In short: TorchScript reduces inference cost, Flask provides an HTTP interface with GET/POST image inputs, Docker makes the environment reproducible, and the Lambda handler pattern sets up serverless deployment with minimal additional code.
Cornell Notes
The lab upgrades a trained paragraph text recognizer for production-style serving by combining TorchScript, an HTTP API, and deployment packaging. TorchScript compiles the PyTorch model into a faster, statically defined form, with minimal code changes: set eval mode, script the model, and run inference through the scripted version. A Flask server then exposes predictions via /v1/predict, accepting either base64 images in a JSON POST body or image URLs via GET query parameters. The service is tested with standard pytest-style checks.
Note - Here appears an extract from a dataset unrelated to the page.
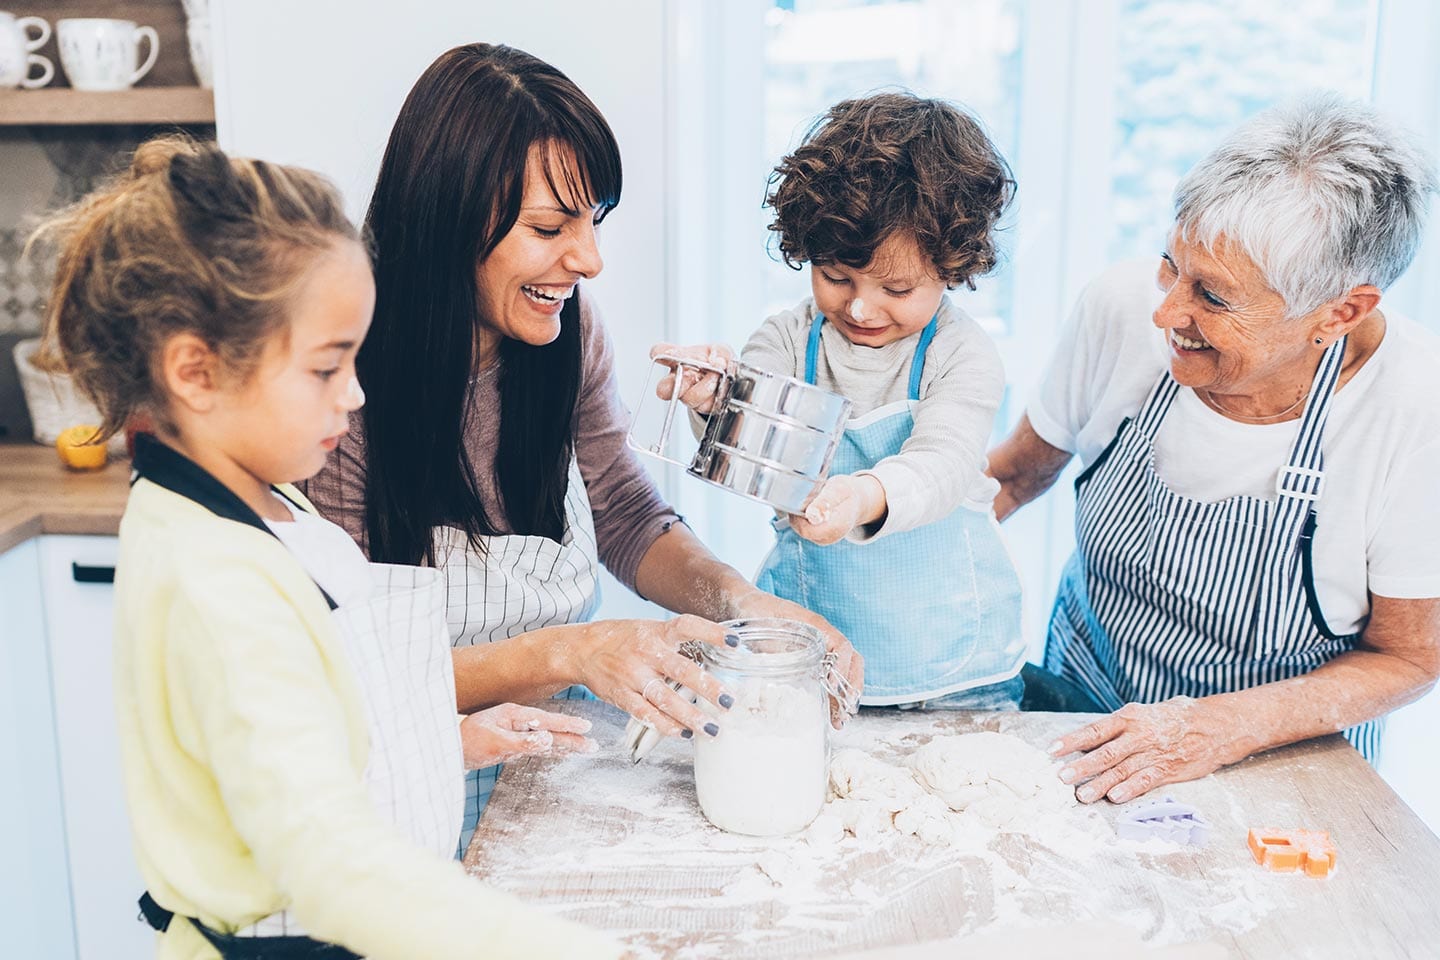 grandma, mom, and children baking together

Finally, the same prediction logic is adapted into an AWS Lambda handler and run locally in a Lambda-compatible Docker container, using an event payload that includes an image URL.
How does TorchScript speed up inference, and what code changes are required?
What does the Flask API endpoint /v1/predict accept, and how do GET and POST differ?
Why is it useful to version the API as /v1/predict, and what does the lab implement?
How does Docker make the deployment environment reproducible for the Flask service?
What changes when moving from a Flask server to an AWS Lambda-style function?
How is local testing performed for both the Flask service and the Lambda container?
Review Questions
- What specific steps are required to convert the recognizer model to TorchScript, and how does that affect repeated inference calls?
- Describe the request formats supported by /v1/predict and explain how the server obtains the image in each case.
- When adapting the service to AWS Lambda, what does the handler receive, what does it return, and how is it invoked locally?
Key Points
- 1
TorchScript converts the Lab 8 PyTorch recognizer into a statically compiled model to reduce per-inference latency after an initial scripting step.
- 2
The Flask API endpoint /v1/predict supports both POST (base64 image in JSON) and GET (image URL in query parameters).
- 3
Loading the model at app startup (Flask) or at module level (Lambda) avoids reloading weights on every request.
- 4
Standard pytest-style tests can validate API behavior by asserting expected responses from HTTP requests.
- 5
Docker packaging uses production-only requirements and CPU PyTorch packages to create a reproducible runtime and speed rebuilds via layer caching.
- 6
A Lambda handler adapts the same prediction logic to an event-driven interface that expects image_url and returns the prediction result.
- 7
Local Lambda testing uses a Lambda-compatible container and the canonical localhost:9000 invocation pattern, mirroring AWS execution behavior.